DATA BLOCK:
____________________

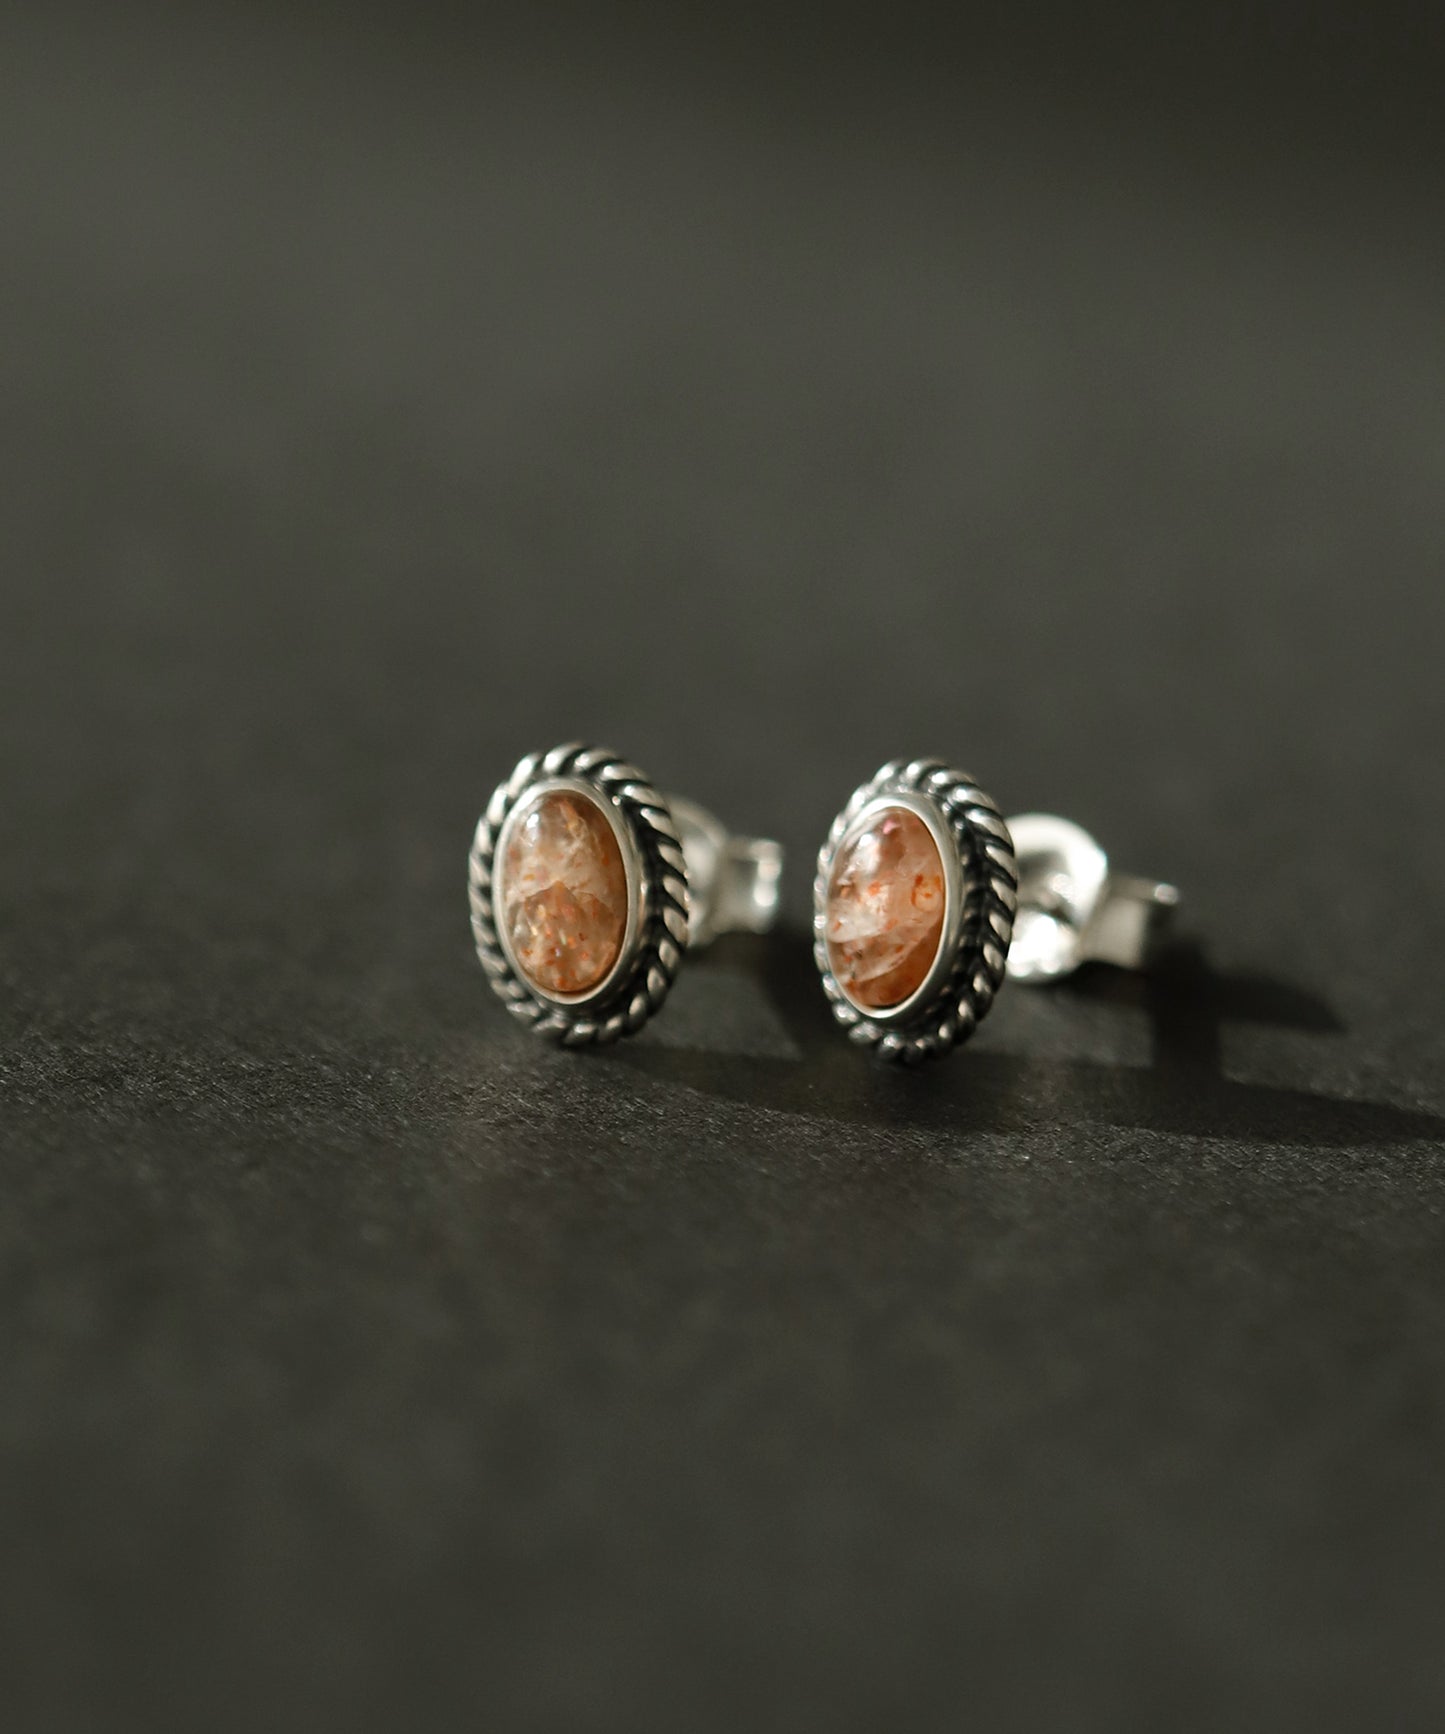 【Eligible for Novelty】Vintage Earrings [925 silver][I]
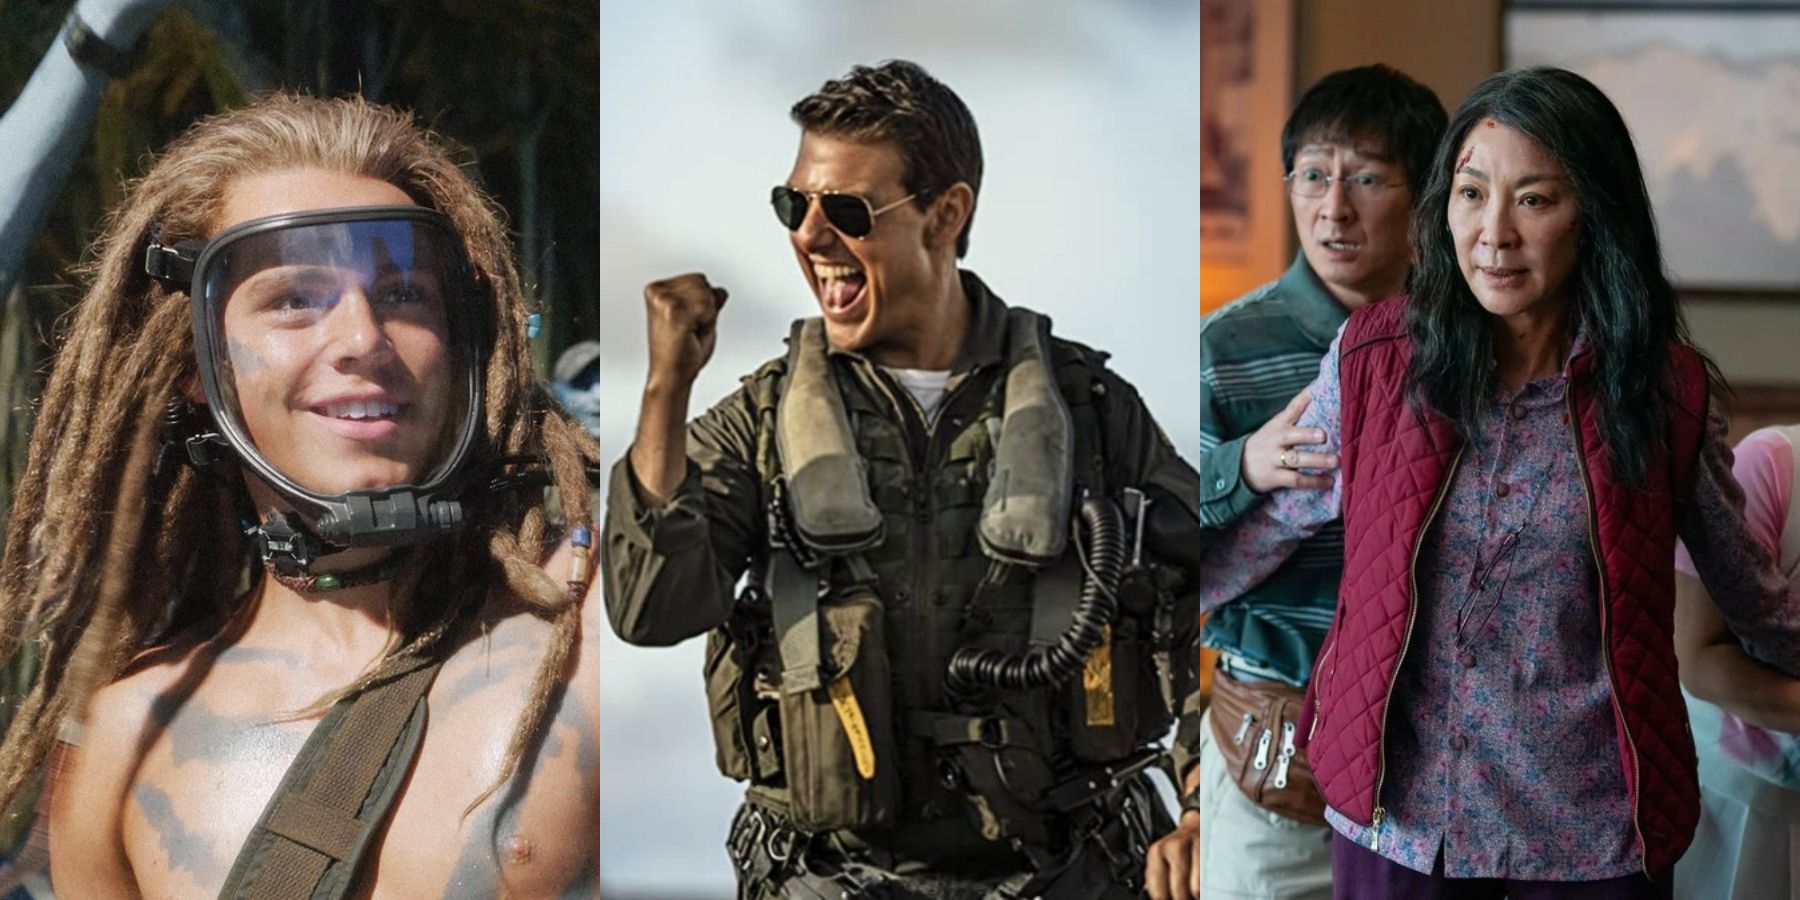 Spider from Avatar 2, Tom Cruise in Top Gun Maverick and Everything Everywhere All at Once family split image
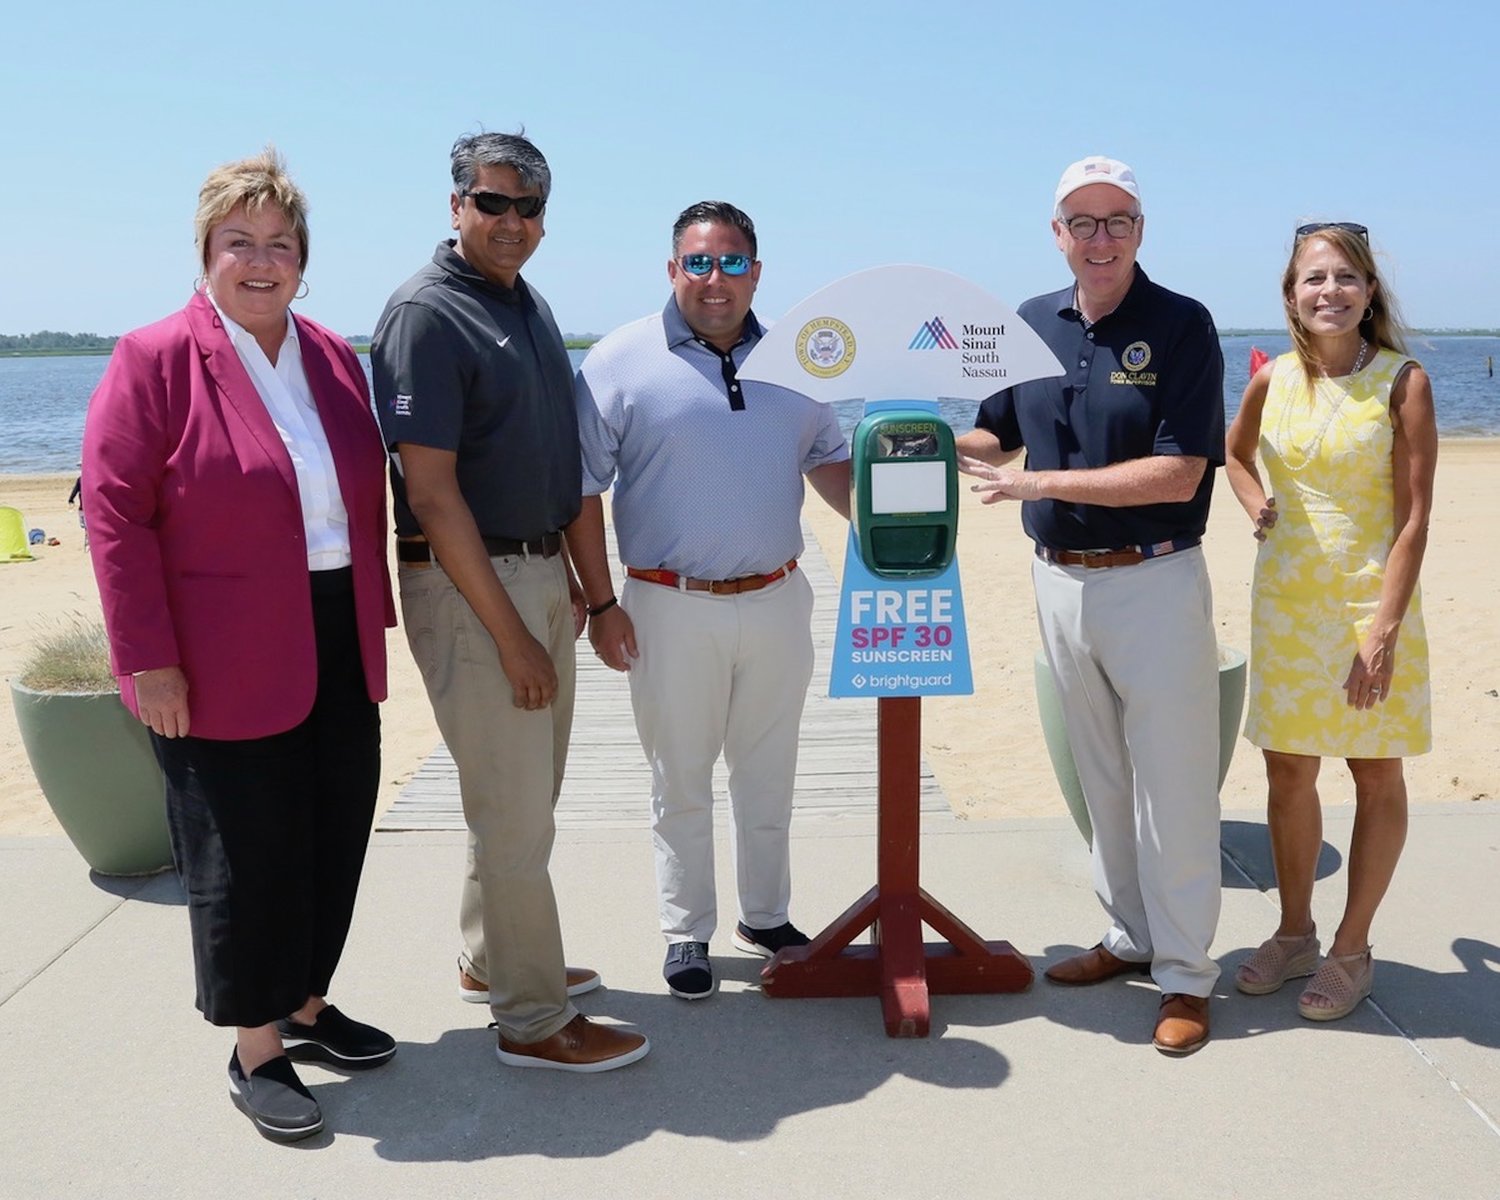 Town of Hempstead officials and Mount Sinai South Nassau have partnered to provide sunscreen at town-operated beaches and pools. Taking part were, from left, Town Clerk Kate Murray, MSSN Chief Medical Officer Dr. Adhi Sharma, Councilman Anthony D’Esposito, Supervisor Don Clavin and Receiver of Taxes Jeanine Driscoll.

____________________

TASK DESCRIPTION:
The answer must be the full listing, exact in every line, with the pictures removed.

PROBLEM SOLUTION:
 【Eligible for Novelty】Vintage Earrings [925 silver][I]
 Spider from Avatar 2, Tom Cruise in Top Gun Maverick and Everything Everywhere All at Once family split image
 Town of Hempstead officials and Mount Sinai South Nassau have partnered to provide sunscreen at town-operated beaches and pools. Taking part were, from left, Town Clerk Kate Murray, MSSN Chief Medical Officer Dr. Adhi Sharma, Councilman Anthony D’Esposito, Supervisor Don Clavin and Receiver of Taxes Jeanine Driscoll.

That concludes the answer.